Miscellaneous provisions
- This Agreement is governed exclusively by Dutch law.
- Any dispute between the Parties in connection with or rising from the Agreement will be submitted to the competent court in the Netherlands in the district where the Company has its registered office – unless the provisions of mandatory law dictate otherwise.
- Where the Agreement refers to “written” or “in writing”, this also includes communication by e-mail or via the Reditus platform, provided the identity of the sender and the integrity of the content can be adequately established.
- The version of any communication of information as recorded by the Company will be deemed to be authentic unless Partner supplies proof to the contrary.

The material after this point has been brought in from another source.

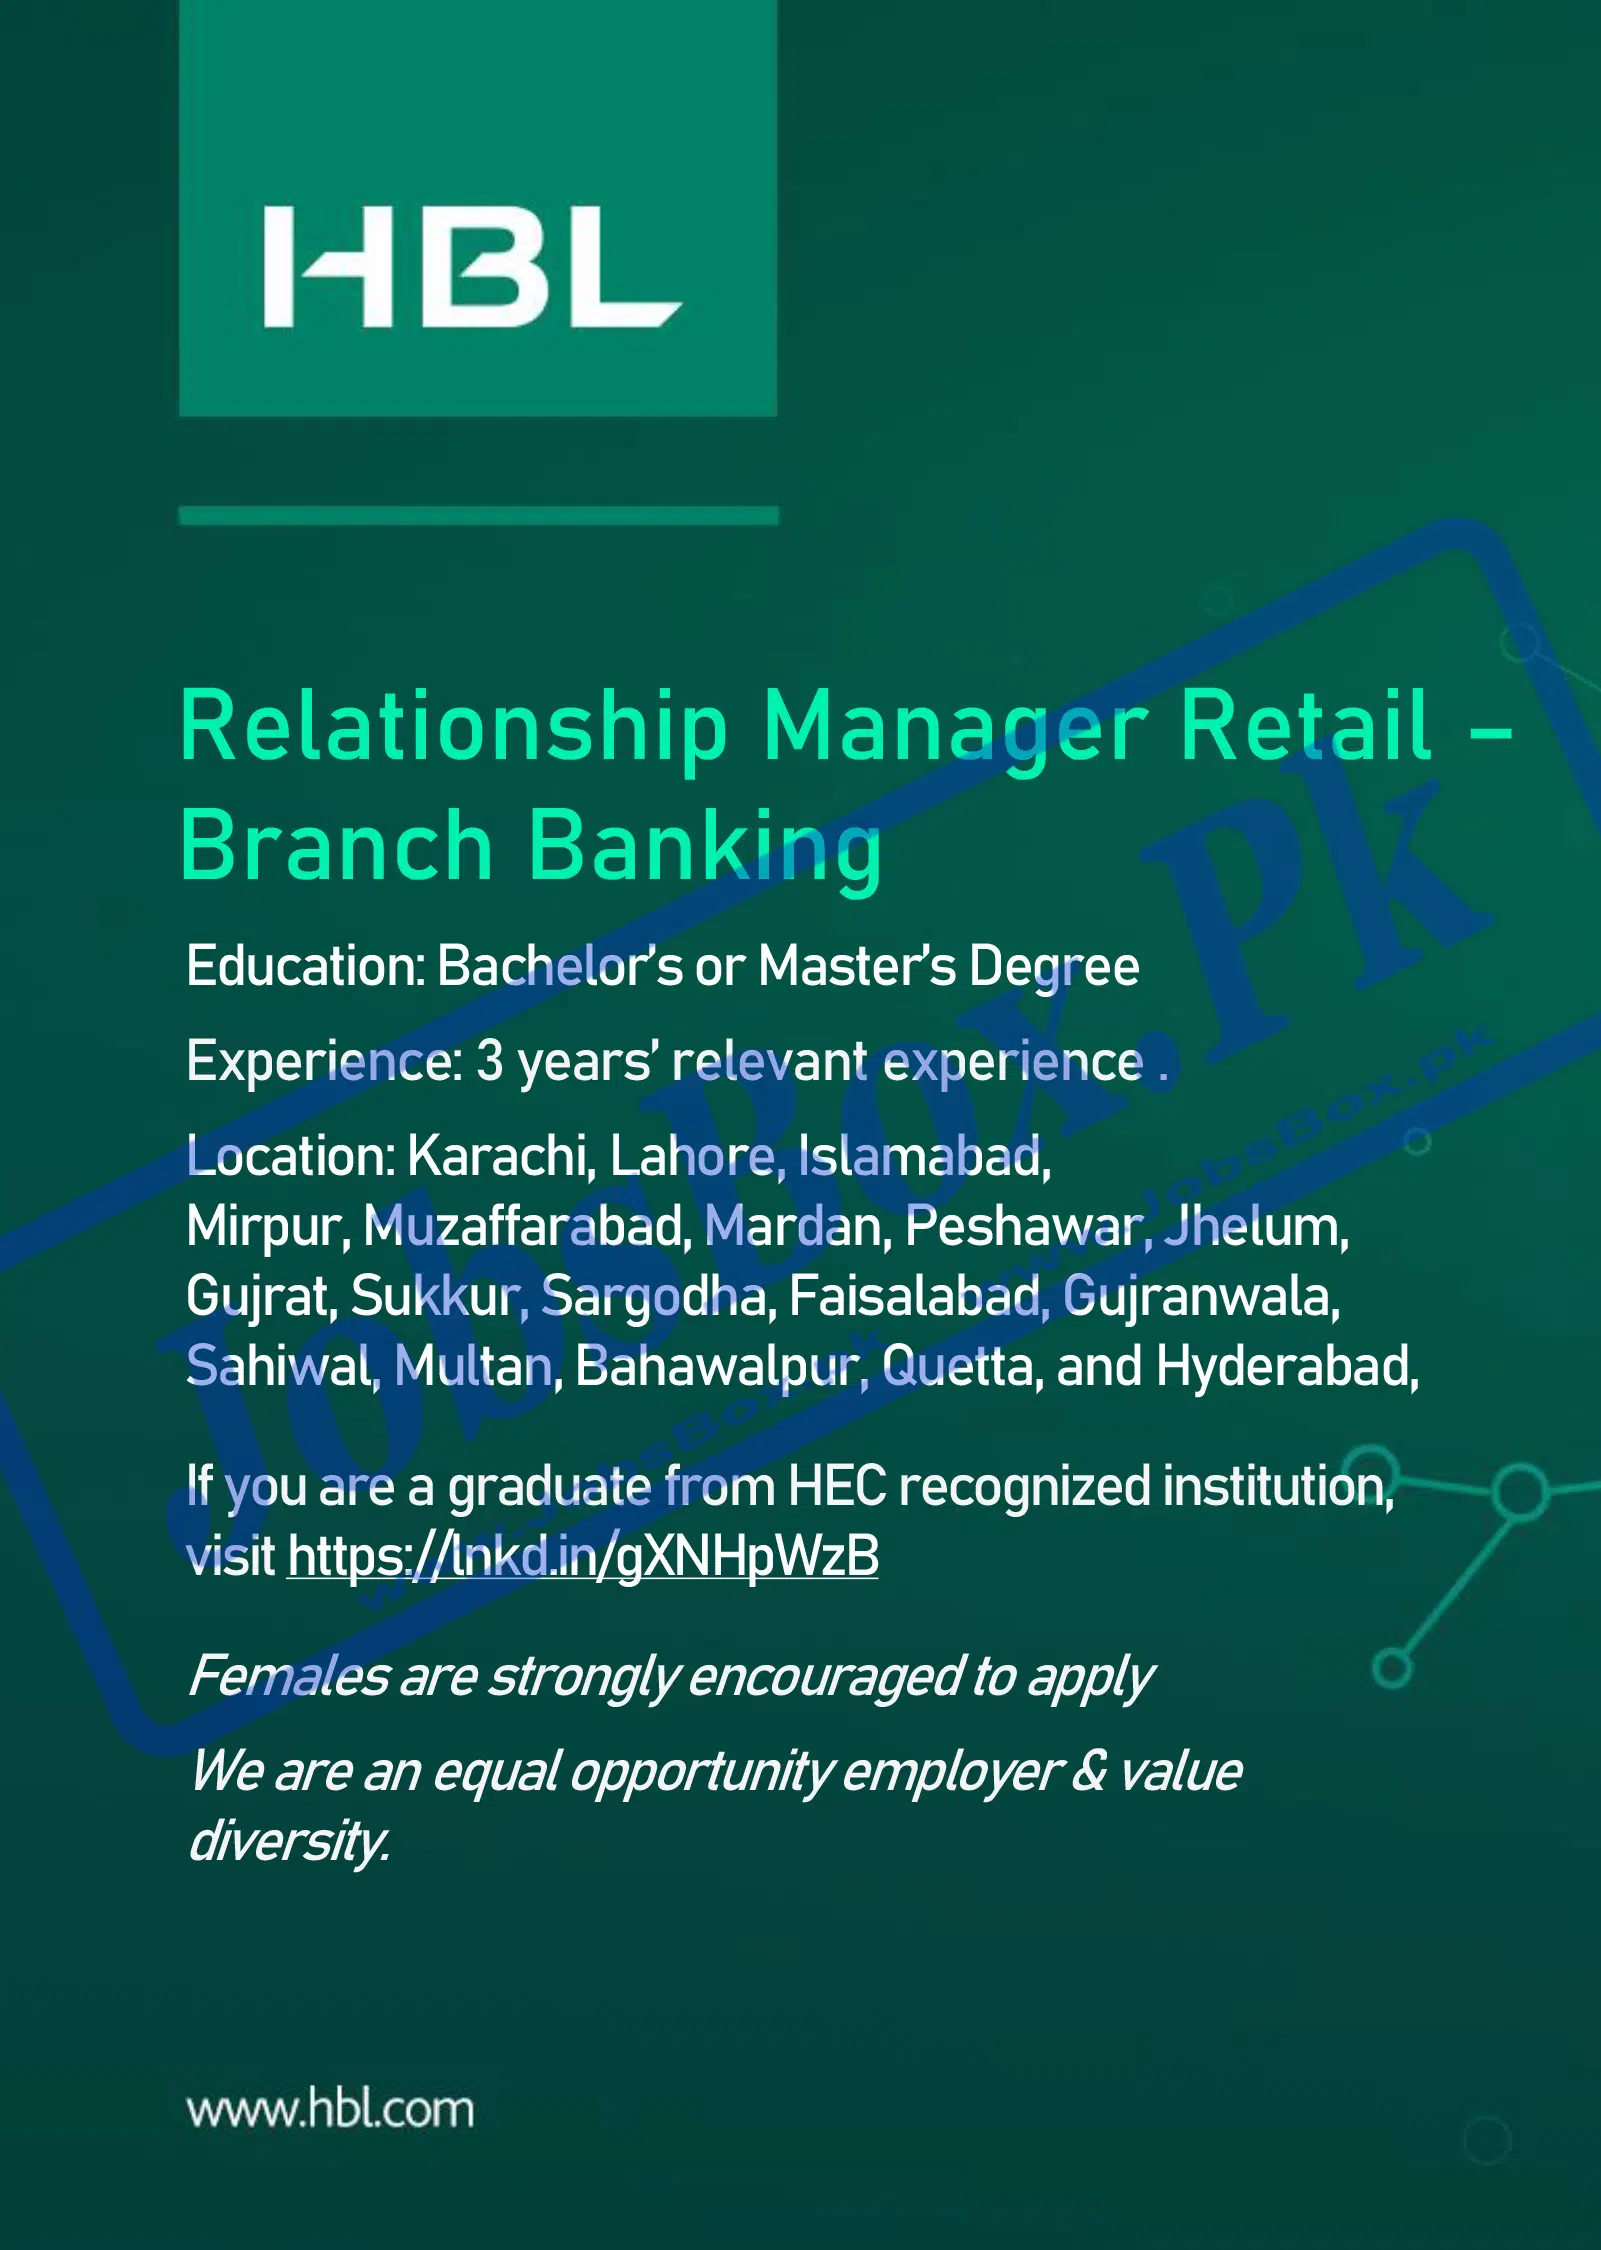 Relationship Manager Retail Jobs at Habib Bank Limited HBL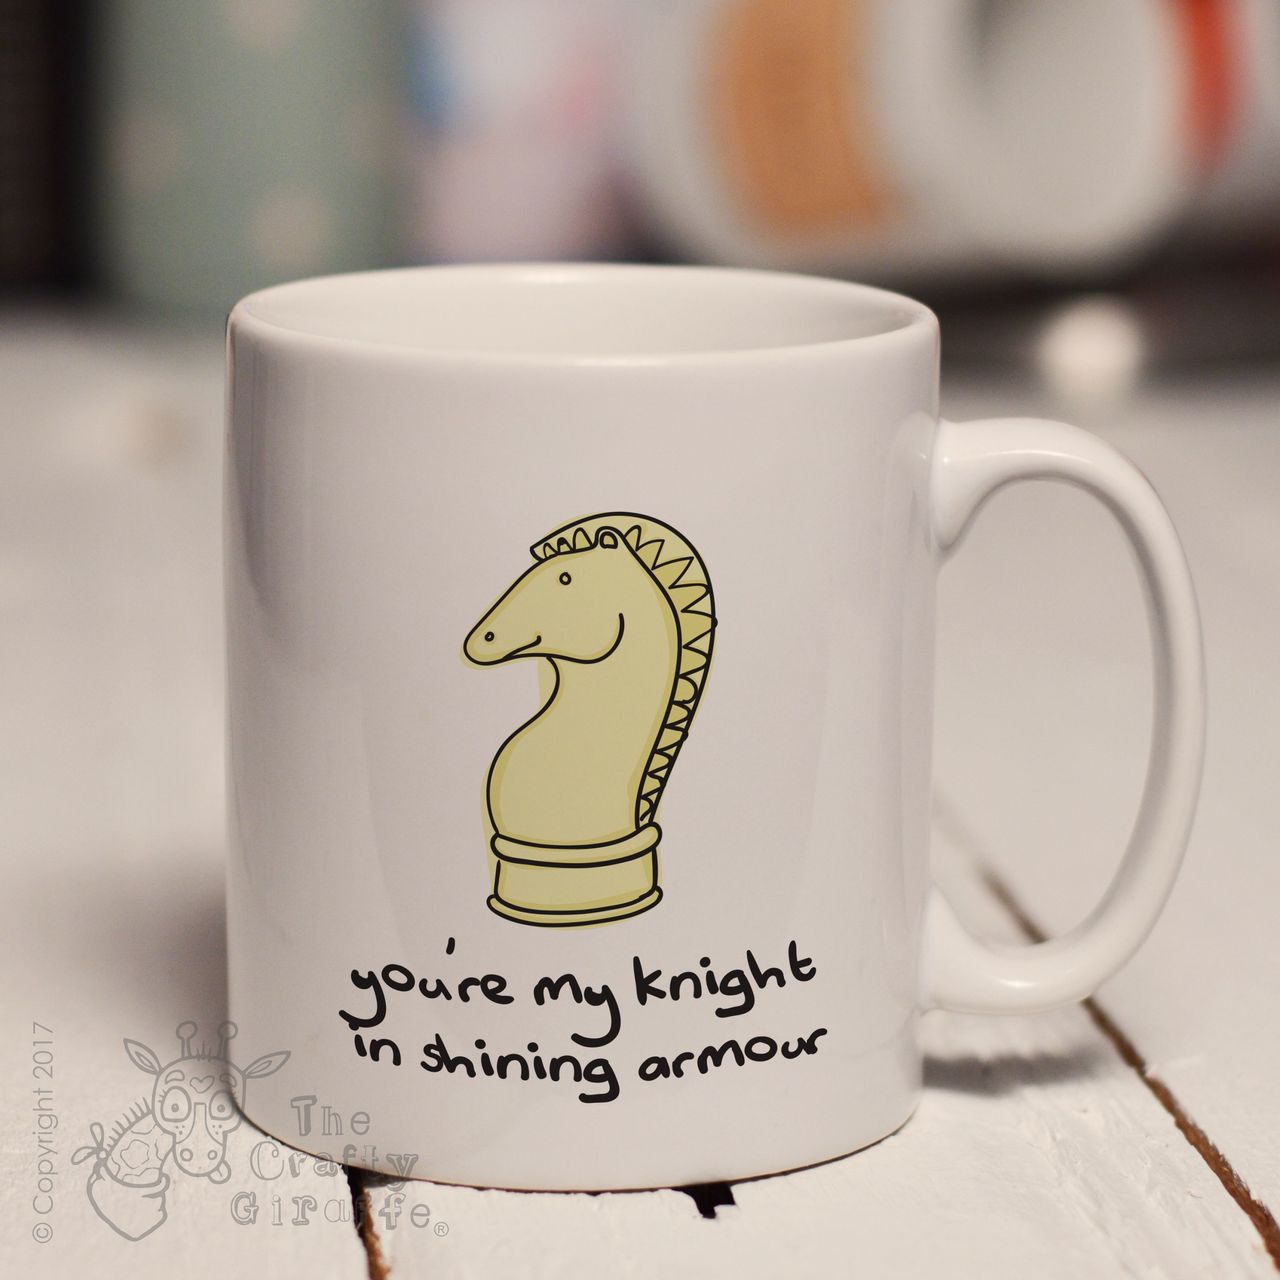 You’re my knight in shining armour mug

- If any provision of the Agreement is found to be contrary to applicable law, or is otherwise unenforceable, this provision will be amended to the extent that it is in accordance with applicable law, with due observance of the intended meaning of the relevant provision.
- The Company will be authorised to transfer the Partner Agreement or any of its rights and obligations arising therefrom to a third party without the consent of Partner. Partner will not be authorised to transfer the Partner Agreement or its rights and obligations arising therefrom to a third party without prior written permission from the Company.